~ The Dutch House, by Ann Patchett ~
This is a classically excellent family saga. I always look immensely forward to any new Patchett novel, and this was no disappointment. The Dutch House of the title is a lavish and almost over the top mansion in Pennsylvania, which property dealer Cyril Conroy buys in the 1940s from the impoverished Van Hoebeek family for his first wife, Elna, and their children, Maeve and Danny. The Dutch House is so unreasonably sumptuous and seemingly out of place in its opulence, that it affects all its inhabitants to no small extent, shaping their lives, and colouring their relationships with each other.
When the novel commences, 10 year old Danny is our protagonist. It is not Danny’s mother, Elna however, whom we meet straightaway, it is Andrea, who has come to be introduced to Danny and Maeve, as she is soon to be their new step mother. Elna remains a mystery for most of the novel, having walked out of her family when the children were very young. Maeve steps into her mother’s place to look after her little brother 7 years her junior, and the two retain a very strong and immensely close relationship throughout their lives.
This relationship gives them strength, but also disrupts Danny’s relationship with Celeste, later to be his wife. The novel beautifully weaves in all the family secrets, the many related characters, the servants and nanny in The Dutch House who play such key roles in the Conroy family’s lives. Cyril Conroy dies unexpectedly of a heart attack when Danny is just 15, resulting in Andrea asking Danny (and the servants) to leave the house almost at once as the Dutch House now is Andrea’s. Danny’s life nevertheless continues to be dominated by decisions Andrea has made because of the Educational Trust Fund she had set up for him and her daughters. Maeve is determined Danny will milk the fund as much as possible to leave as little as possible for Norma and Bright, so she chooses for him the most expensive and longest courses she can find in the field of medicine – although Danny does not want and has never wanted to be a doctor.
A bald stating of the plotline does this novel no justice at all. Although it is all about the plot, the beauty of the novel lies in how it is unfolded, what facts are given to the reader, when, and how, and in the interaction of the beautifully conceived characters. The characters all grow, all go on their own Bildungsroman, their lives continue to interweave with each other’s, many of them cannot let go of the Dutch House or the time they lived in it, even when they no longer live in it, even when it has been decades since they have lived in it. Its grip on their imagination is as powerful as Patchett’s grip on her readers.
It is too simplistic to say this novel is about a dysfunctional family who lived in a house which overwhelmed them.

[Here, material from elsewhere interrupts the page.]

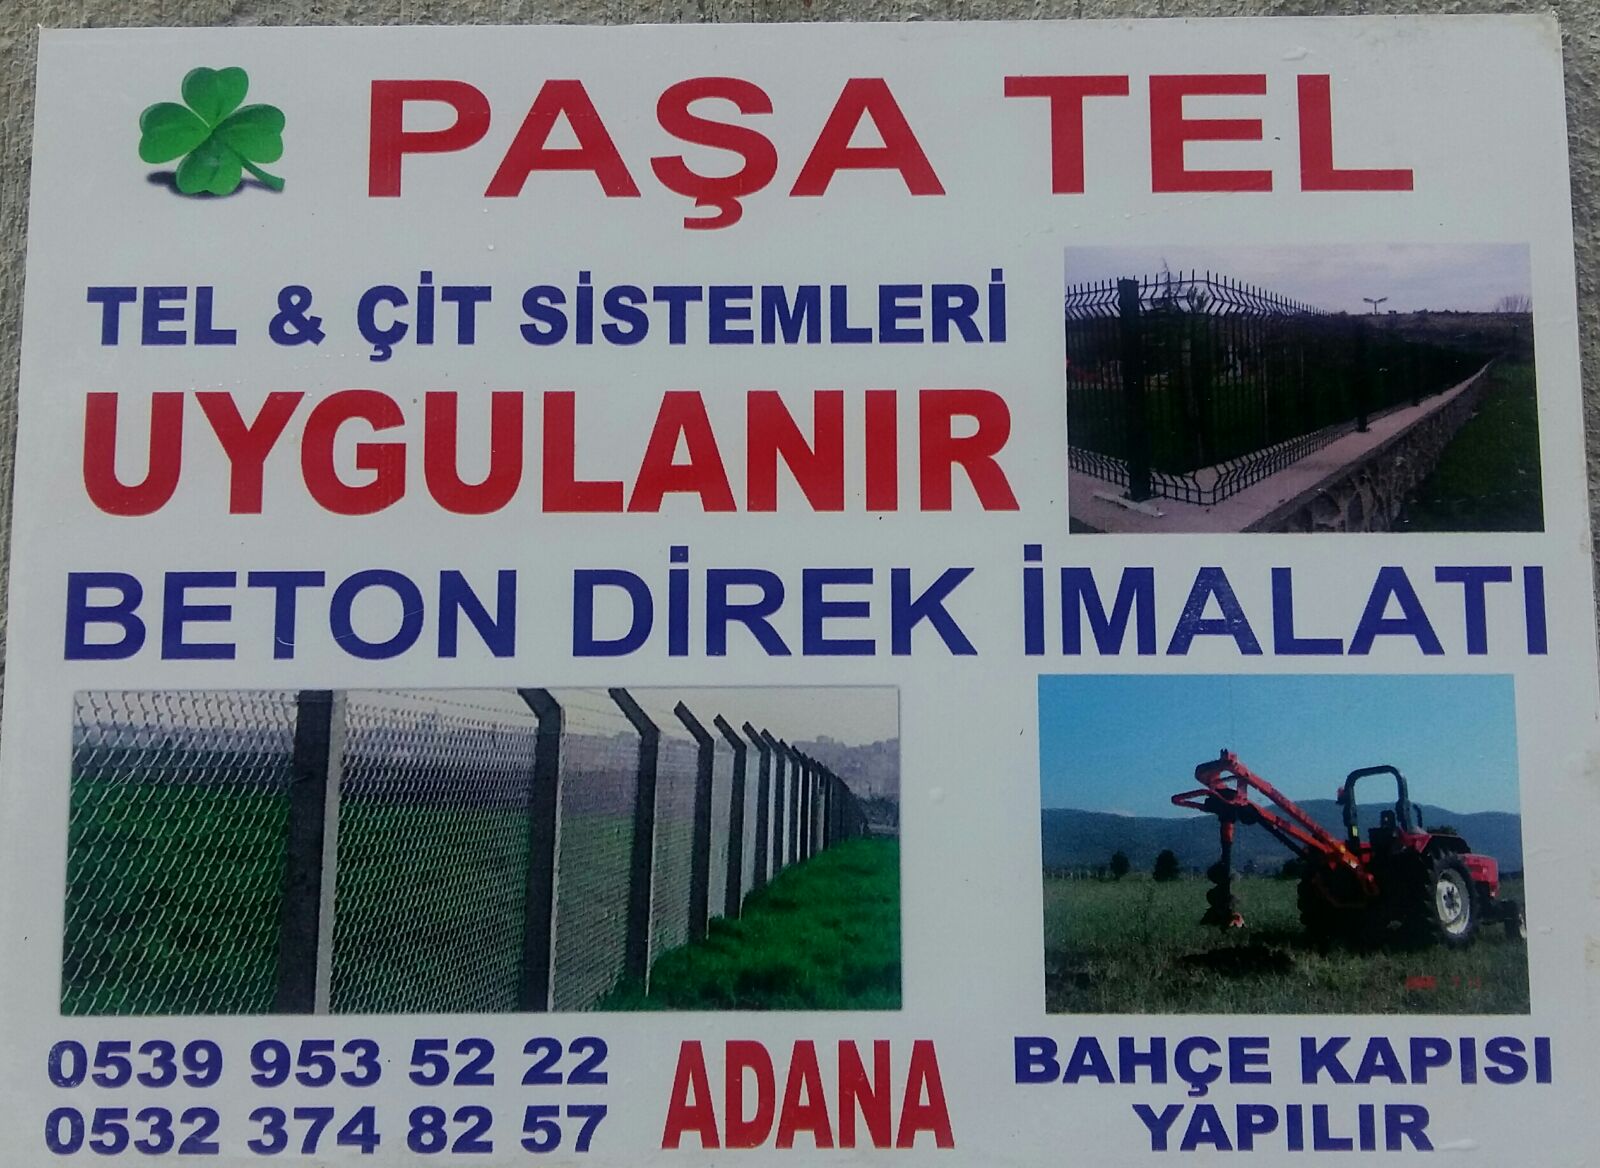 Aktel Adana Panel Cit Adana Tel Orgu Adana Jiletli Tel Adana Tel Cit Firmasi Fiyatlari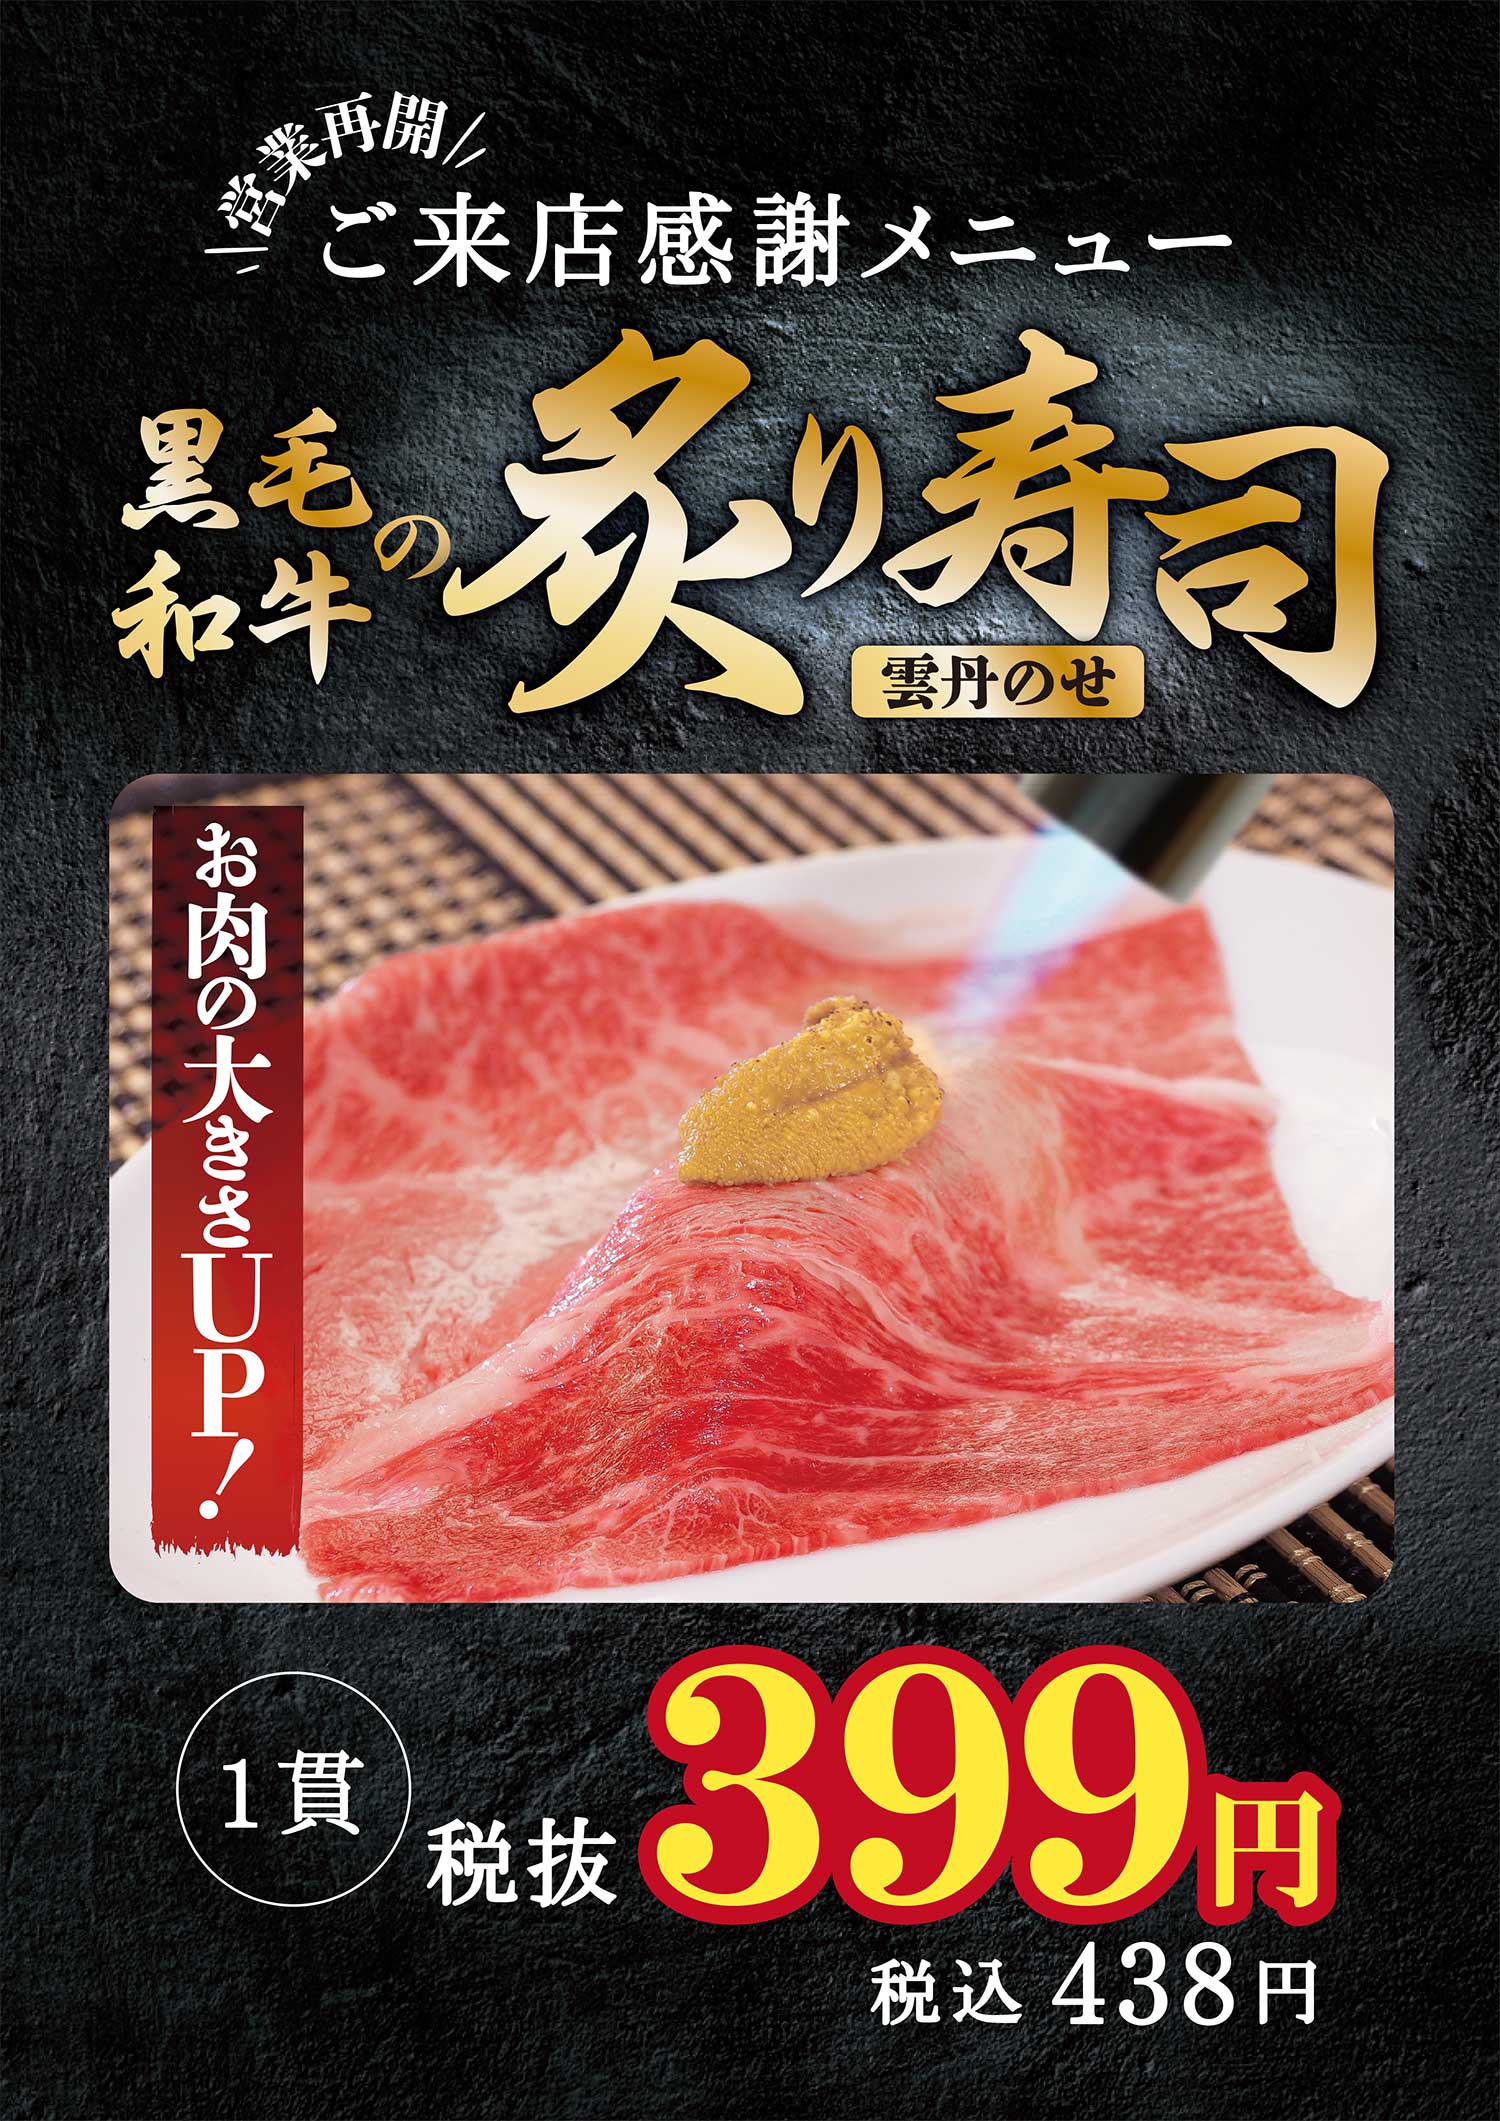 豪華黒毛和牛と雲丹寿司を特別価格399円で提供して生産者応援！

It is that, but it is so much more too. It is about loves and loyalties that interpellate throughout the course of decades of lives, it is about inheritances, from familial to financial, it is about the disproportionate pull of a singular property/structure on obsessions and emotional territories and the geographies of the imagination. It is a masterfully written novel, the creation of a craftsman and virtuoso storyteller, the kind of read which absorbs satisfyingly from cover to cover.
Now it is a matter of trying to be patient and waiting for the next Patchett novel!
I just finished this book, and agree: masterful storytelling. I thought she did a wonderful job of mfanaging the characters back and forth through time, and keeping their personalities consistent and age-appropriate through childhood and adolescence and adulthood. It’s so readable that the complexity of its plot is almost imperceptible to the reader.
I didn’t entirely understand why Maeve lived such a lonely life — surely diabetes is an insufficient reason? — and restricted herself to that one small Pennsylvania town, but then Danny never really understood her either, and the book is from his perspective.